→ **What is being asked**: Keep the pictures out while you transcribe the listing below exactly.

→ **Information shown**:
- - - - -

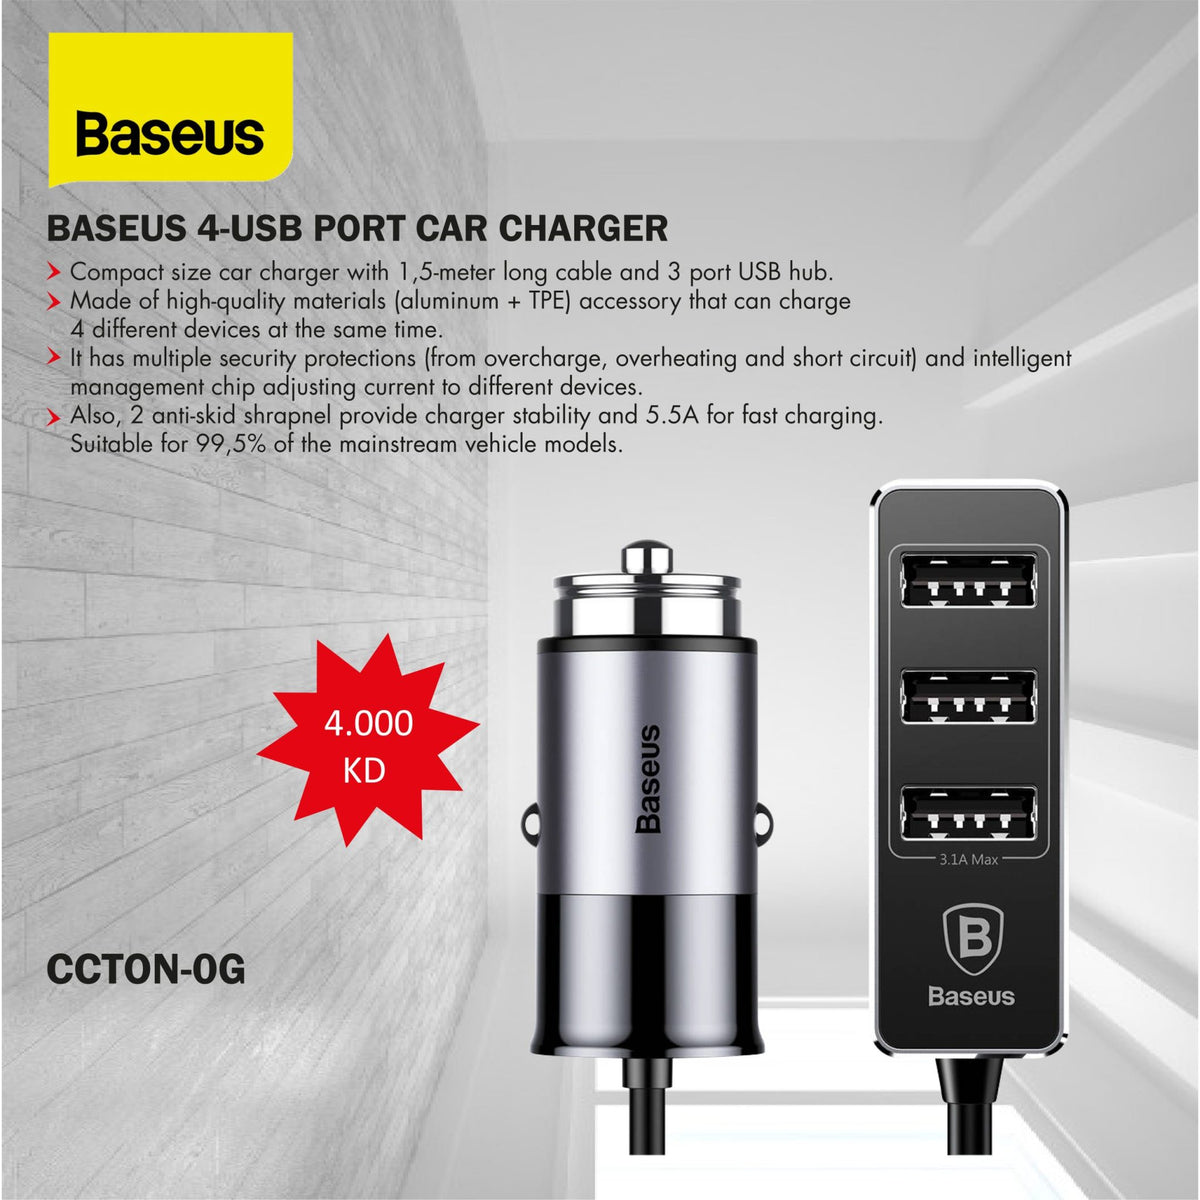 Baseus Enjoy Together with 1.5m Extension Cable 4X USB 5.5A Output Patulous Car, Cellular Phone Charger Dark Gray CCTON-0G
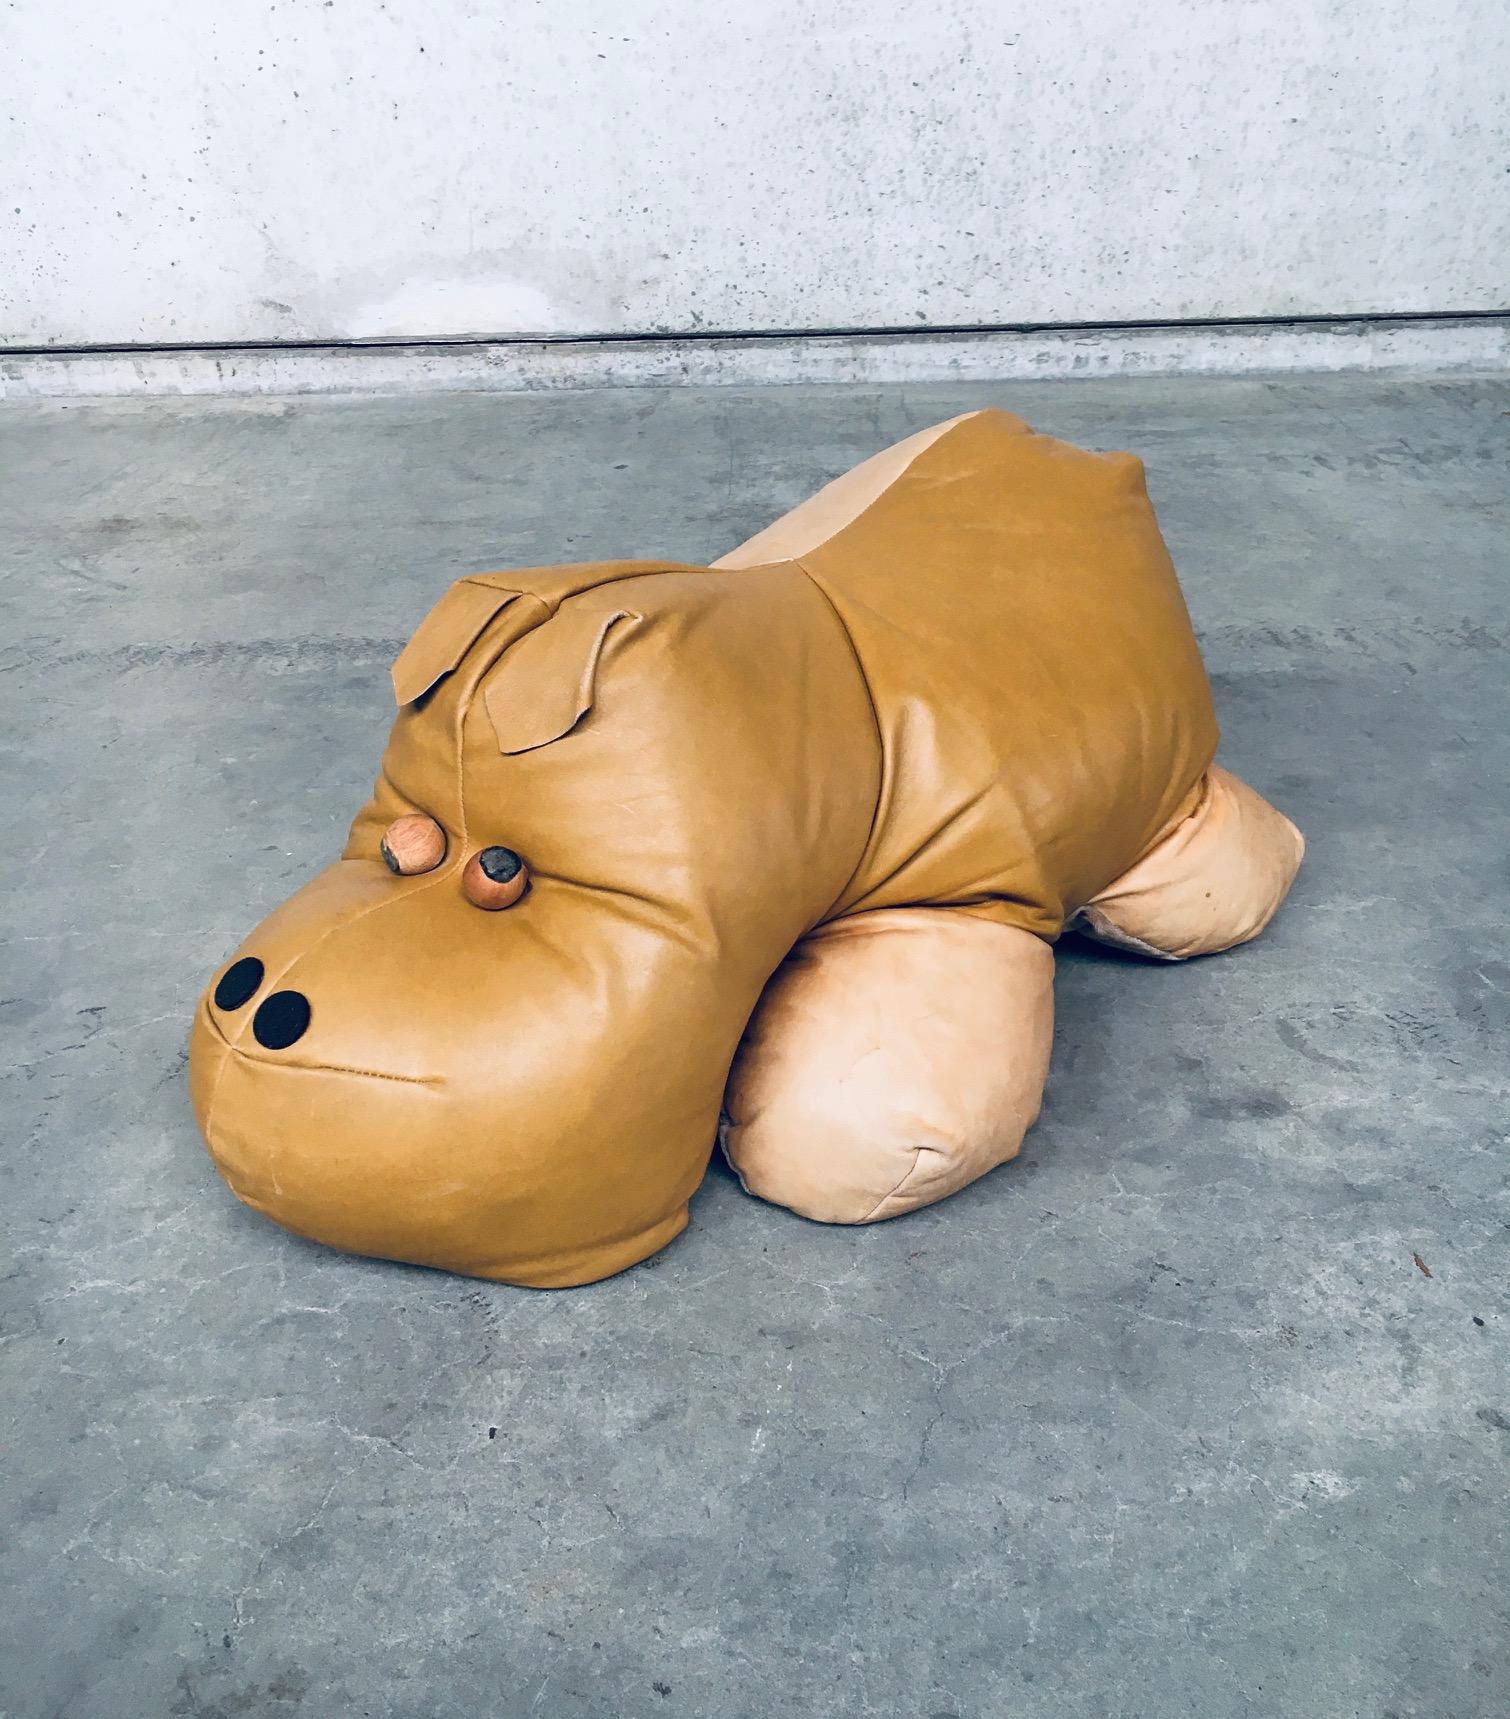 Vintage Leather Hippo Hippopotamus Footstool Pouf. Made in the 1970's, probably Italy. Two tone leather large pouf or foorstool with soft fabric on the underside and pair of wooden ball eyes. There's a patch repair on the underside of the hippo and
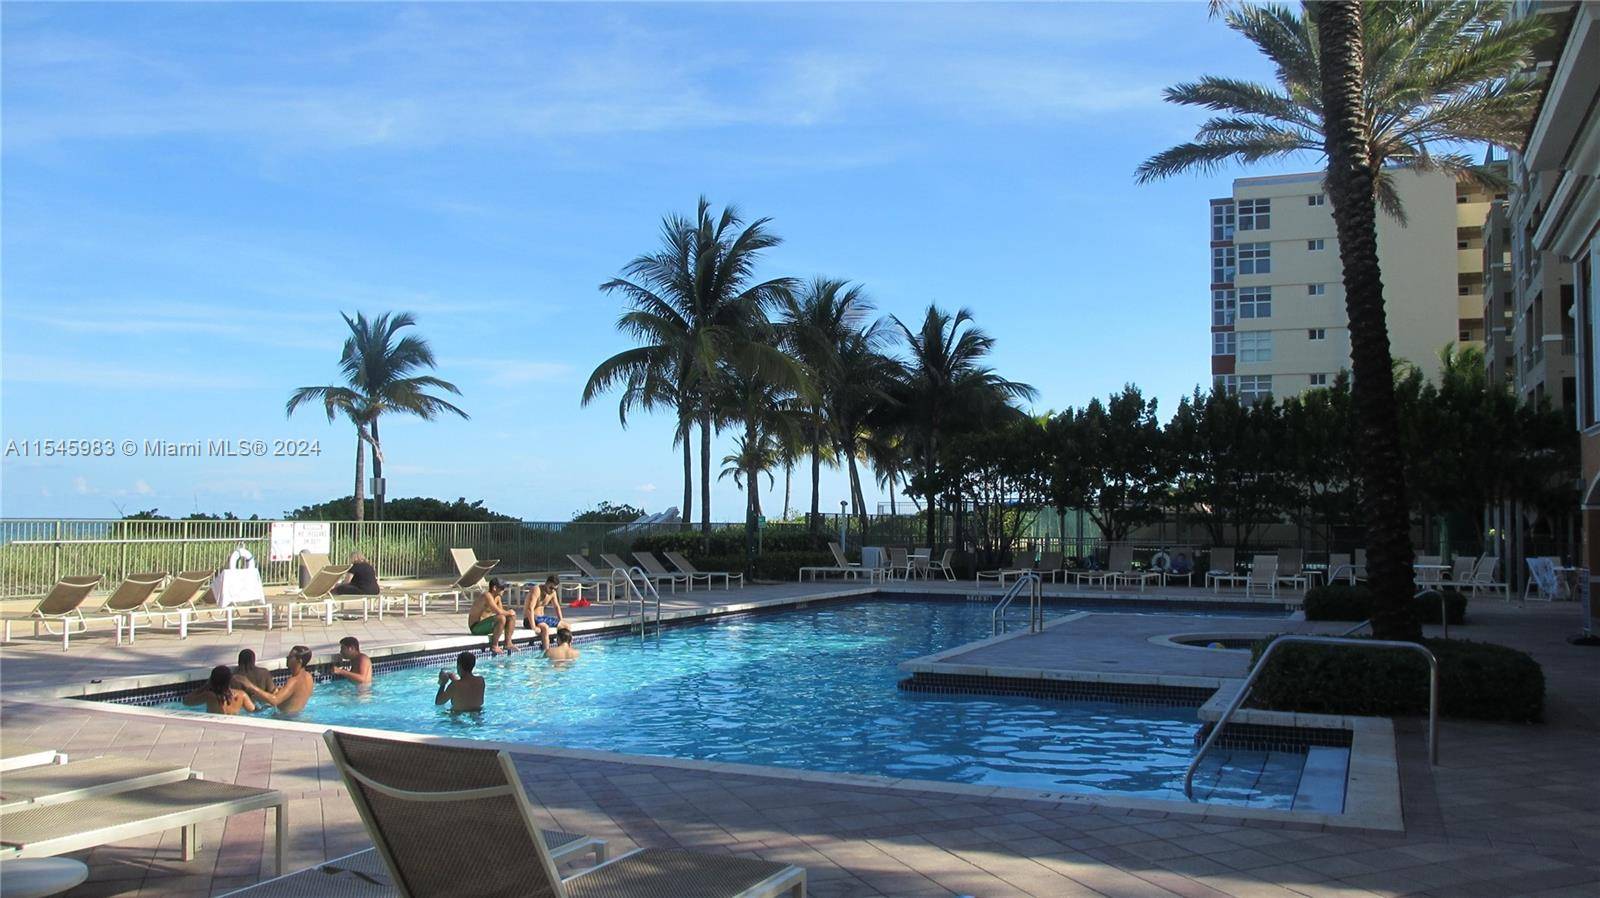 Oceanfront condo 2 beds 3 baths, furnished, completely equipped and ready to enjoy South Florida living.
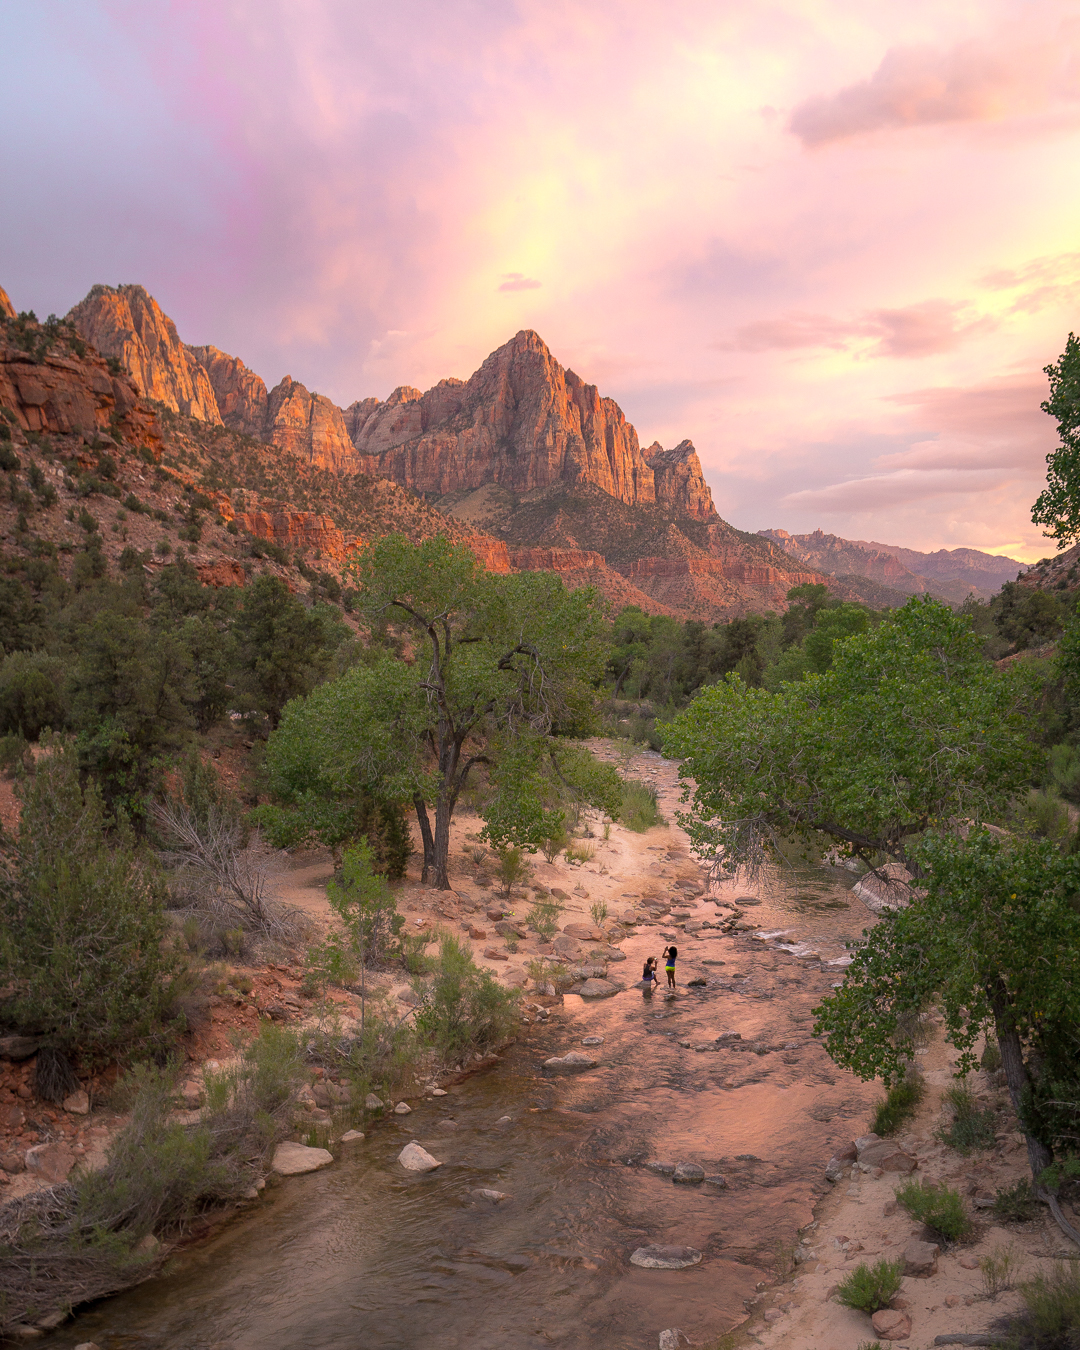 Sunset at Zion National Park.

- - - - -

→ **Response to the exercise**:
 Baseus Enjoy Together with 1.5m Extension Cable 4X USB 5.5A Output Patulous Car, Cellular Phone Charger Dark Gray CCTON-0G
 Vintage Leather Hippo Hippopotamus Footstool Pouf. Made in the 1970's, probably Italy. Two tone leather large pouf or foorstool with soft fabric on the underside and pair of wooden ball eyes. There's a patch repair on the underside of the hippo and
 Oceanfront condo 2 beds 3 baths, furnished, completely equipped and ready to enjoy South Florida living.
 Sunset at Zion National Park.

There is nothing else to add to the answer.